Das Urteil des Landgerichts Köln vom 10.02.2015, Az: 5 O 372/14, wird abgeändert.

Die Beklagte wird verurteilt, an die Klägerin 1.217,11 EUR nebst Zinsen in Höhe von 5 Prozentpunkten über dem jeweiligen Basiszinssatz seit dem 26.09.2014 zu zahlen.

Die Beklagte wird ferner verurteilt, die Klägerin von Gebührenansprüchen der Rechtsanwälte E, M & Partner aufgrund der außergerichtlichen Rechtsverfolgung in Höhe von 201,71 EUR brutto freizustellen.

Die Kosten des Rechtsstreits hat die Beklagte zu tragen.

Das Urteil ist vorläufig vollstreckbar.

Die Revision wird nicht zugelassen.

Der Streitwert für die Berufungsinstanz wird auf 1.217,11 EUR festgesetzt.
Gründe
I.

Von der Darstellung des Tatbestandes wird nach §§ 540 Abs. 2, 313a Abs. 1 ZPO, § 26 Nr. 8 EGZPO abgesehen.

II.

Die zulässige Berufung der Klägerin ist in der Sache in vollem Umfang begründet.

1. Entgegen der Auffassung des Landgerichts steht der Klägerin aufgrund der am 09.06.2014 erfolgten Beschädigung ihres Kraftfahrzeugs durch den Sturz der vor ihrem Wohnhaus gepflanzten, im Eigentum der Beklagten stehenden Scheinakazie gegen die Beklagte ein Anspruch aus Amtshaftung nach § 839 Abs. 1 BGB in Verbindung mit Art. 34 Satz 1 GG in Höhe von 1.217,11 EUR zu.

a.

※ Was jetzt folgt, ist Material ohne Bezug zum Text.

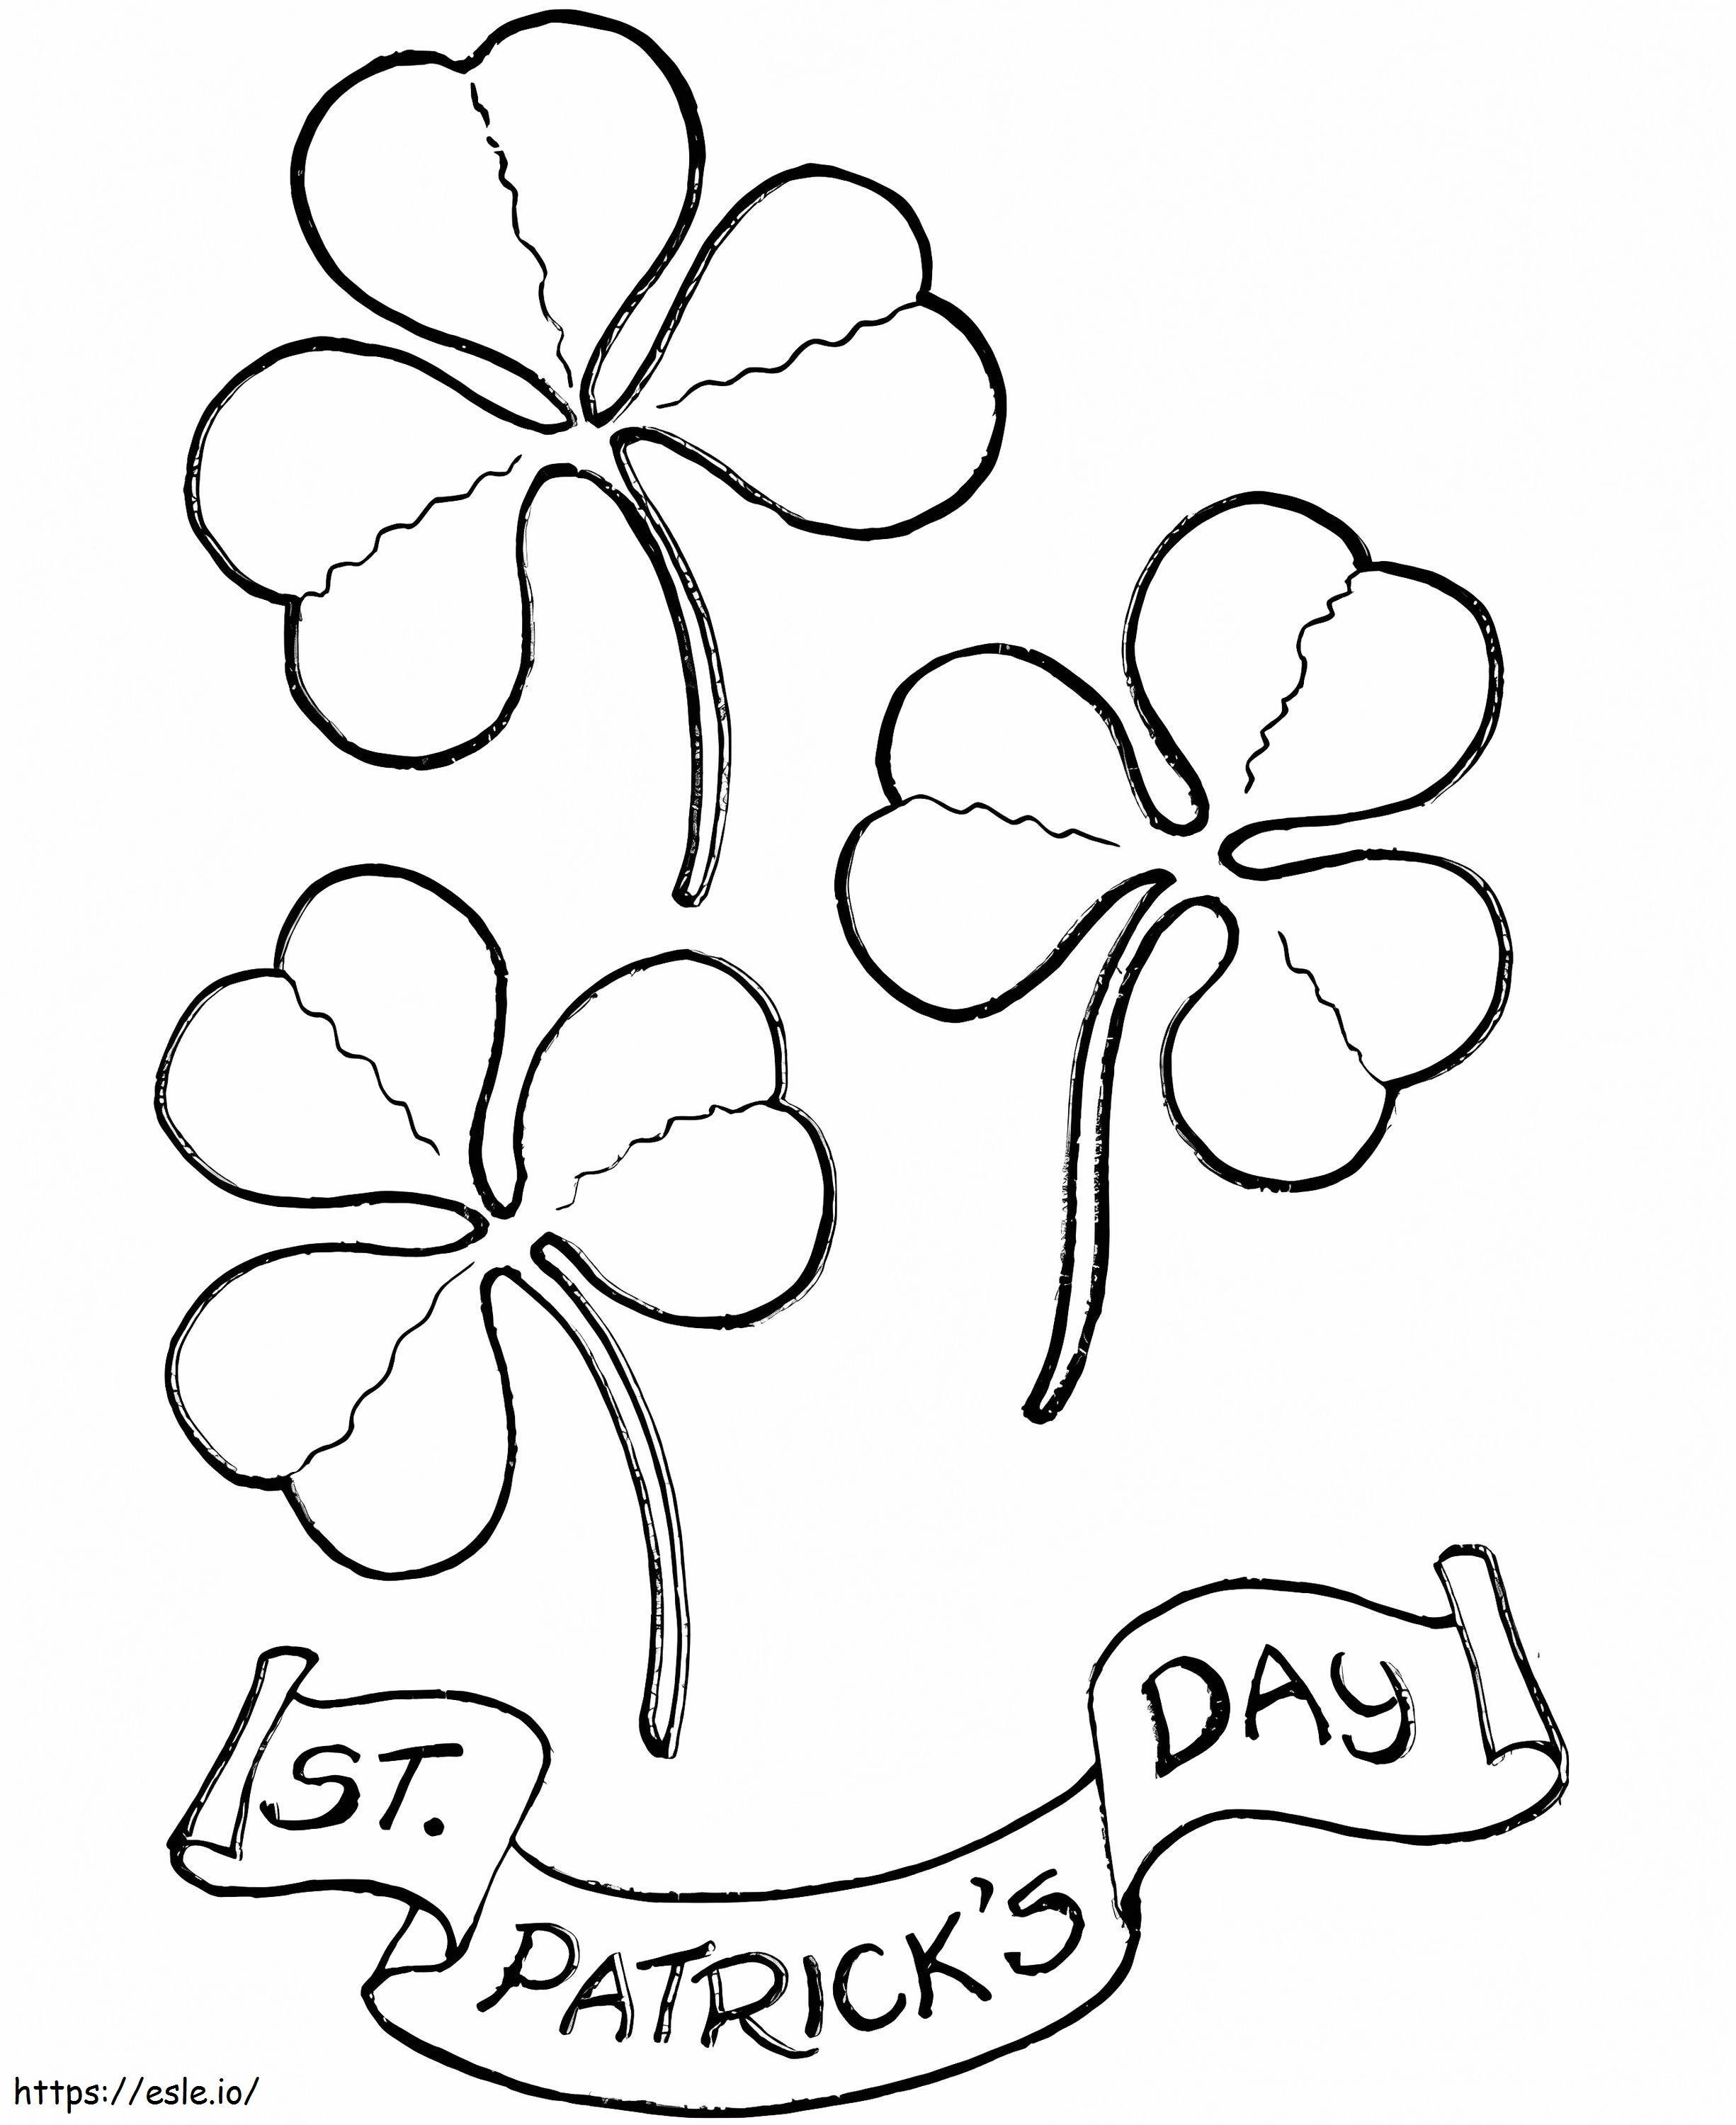 St. Patricks Day Shamrocks coloring page

Der Beklagten fällt eine Amtspflichtverletzung zur Last, da sie der ihr unstreitig obliegenden Straßenverkehrssicherungspflicht nicht hinreichend nachgekommen ist.

Die Beklagte als Straßenverkehrssicherungspflichtige für den hier fraglichen Bereich hat gemäß § 9 a Abs. 1 S. 2 StrWG NW in Ausübung hoheitlicher Tätigkeit die Pflicht, die Verkehrsteilnehmer möglichst wirksam vor solchen Gefahren zu schützen, die von Straßenbäumen – etwa durch Umstürzen oder Abknicken der Baumstämme oder durch Astbrüche – ausgehen. Sie muss deshalb Bäume oder Teile derselben, die den Verkehr gefährden, entfernen.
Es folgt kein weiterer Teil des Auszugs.